G-d Stories: Rivka



This I remember. It was today. I was veiled, like a bride, like Moses they say, like G-d, even, when He hides His face in shame. I am only three. But I am, and my mother Tzipporah is not.  And my Babba Batya, Tzipporah’s mother is not. I am like Tzipporah- she no longer has a mother and I do not either. But they have G-d and I have G-d- on two sides of the story of life.  I was veiled by mother’s long waving dress as she was shot in the breast and I was born between her thighs again. Her mother was shot next in the taxi, holding her daughter’s head in her arms. I don’t know who is born and who is lying everyone in the air knows less. How could G-d squeeze in there? G-d was released there better. It was all one flesh and one leather in a song un tuned. There were two Arabs killed too. The driver and his assistant- everyone dies from the outside. But I was made to be alive from the inside.  Another rider and his son from the taxi had his moment of bullet and mind-flashing and they lay fast under the car where the steel could not see. And a cousin who hid like a cowardly Jew under G-d’s skirt, a Talis, of the great rebbe-screaming, “who shall live!”

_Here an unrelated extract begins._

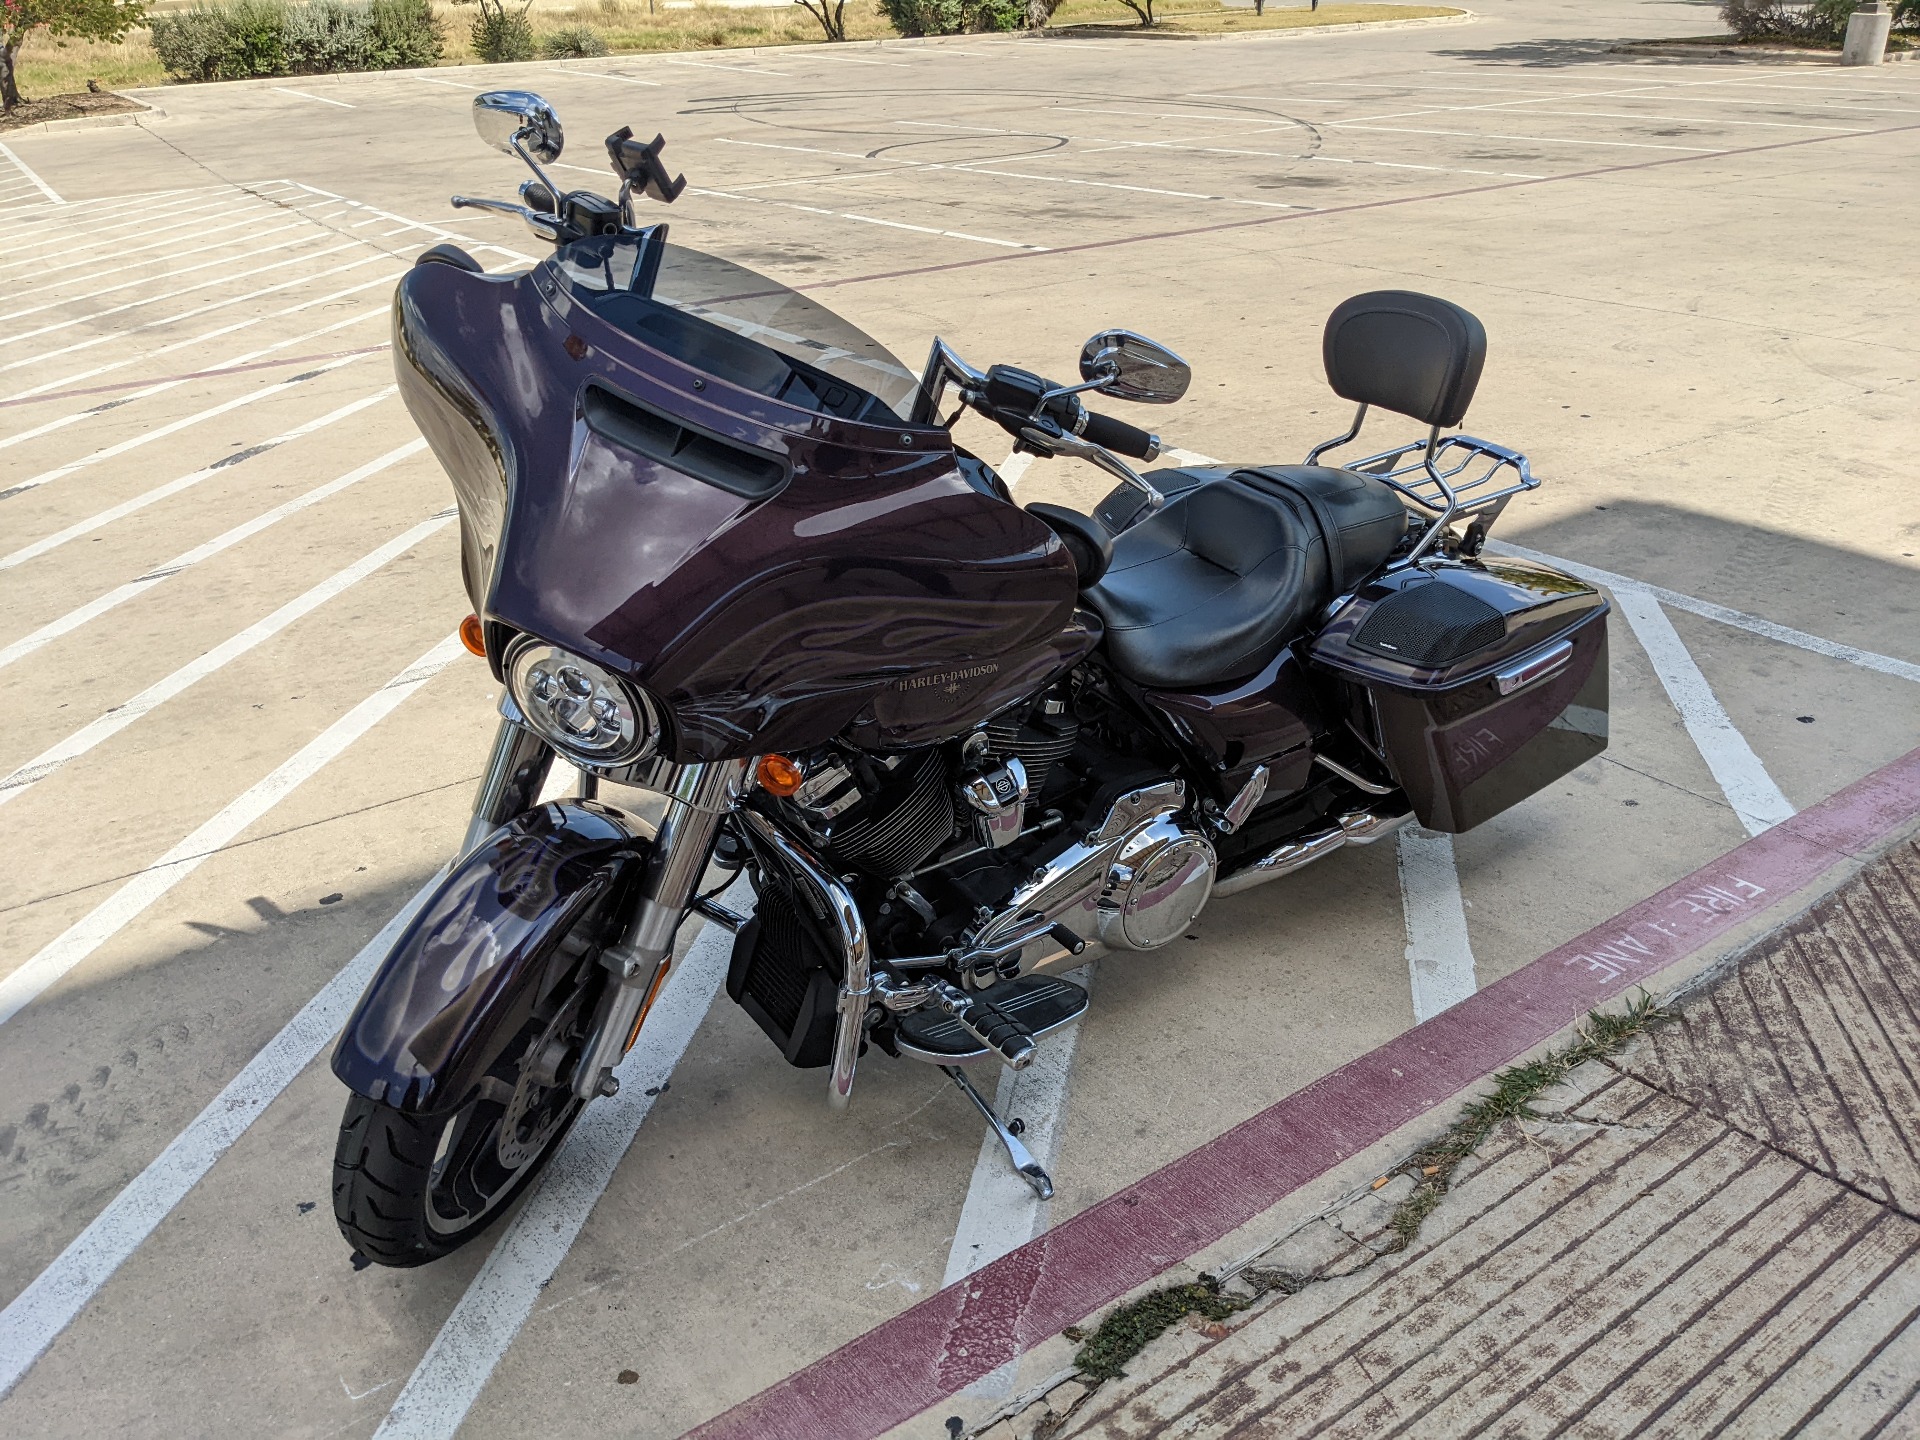 2017 Harley-Davidson Street Glide® Special in San Antonio, Texas - Photo 4

I shall tell You, G-d, a few things, tonight, my Father. But I need to curl my whole payus head. Now I’m under the stars. But my mother Tzipporah, just because she wanted to for me, troubled the sun. Am I Binyamin again and she Rachel? Did I tell you about the wedding, I sang in? Nazi wounds would not touch our shores the Rabbi there said that, 1939, May. I knew this about You and Your secret. (Because my big brother, Moshe, was studying our Gemorrah with the wondrous lamed-vavnik vision toucher, the Hazon Ish) I shall live. At three years old I shall live, differently.

I wasn’t killed that day and I wasn’t born that night, but I was whooshed under the car because the Arabs on camel-back came back hunting. They said there was a girl; they could swear there was a Jewish girl. I wasn’t a little girl; I am still in my mother’s womb, I said in my head, “I can decide, when and where to be born now, not G-d anymore, I can be born with my eyes open”.  And then we walked just down the dirty road to the British police headquarters in Carmiel and there the uniformed men were too tired to be bothered about the pounding heart of a little girl and a silly old man and his son, and the coward man with the skirt of G-d that screams from the European Rebbe she shall live with this forever.

So I spoke into my hands (some people pray into their hands, and squeeze always from them, but I speak to them) what will my big brother Moshe do?  Will he push those British heartaches to runaway because that’s no way to curl a head full of payus in a Jewish nation? Will brother Budik tell the camel marauders you can’t murder us away from our holy sites? Will my big sister Nechama tell holed up father, ‘kiss and kiss and kiss this little girl”?  Fatel will not let G-d hide in the car. And will my big sister Bilah not let anyone ignore me again? Because I will never let G-d be invisible again. Please, G-d, please remind me to remember that forever.

G-d decides one big thing though.  G-d decides when to hide His face. And then He burns and burns and burns a hole in the veil. One person will coax Him out, but careful, he knows he will be kissed in his death. (He goes to the desert to do all this.) He loves the place that has no clouds (where the sun can have no veil). And then He destroys the whole world. Moshe the runaway prince got there first and saw G-d alone. Later, the Berditchiver. Only the ones that are very alone- Like me. “Get my tallis veil out to Israel to the holy city of Tzfat. Let it be our ketubah, our visa in heaven. Send it to Rivka, the teacher of G-d’s Torah. Let it be in a taxi on the way home from a Haifa wedding, let the little girl’s hand grasp and squeeze the tzitzit I kiss and kiss and kiss every morning on the day of her mother’s death as she walks from the steel coffin down the little dirty road to the British police headquarters. And the world was an inferno and the night long, but the day will not die on this earth because of the little girl who saw G-d alone.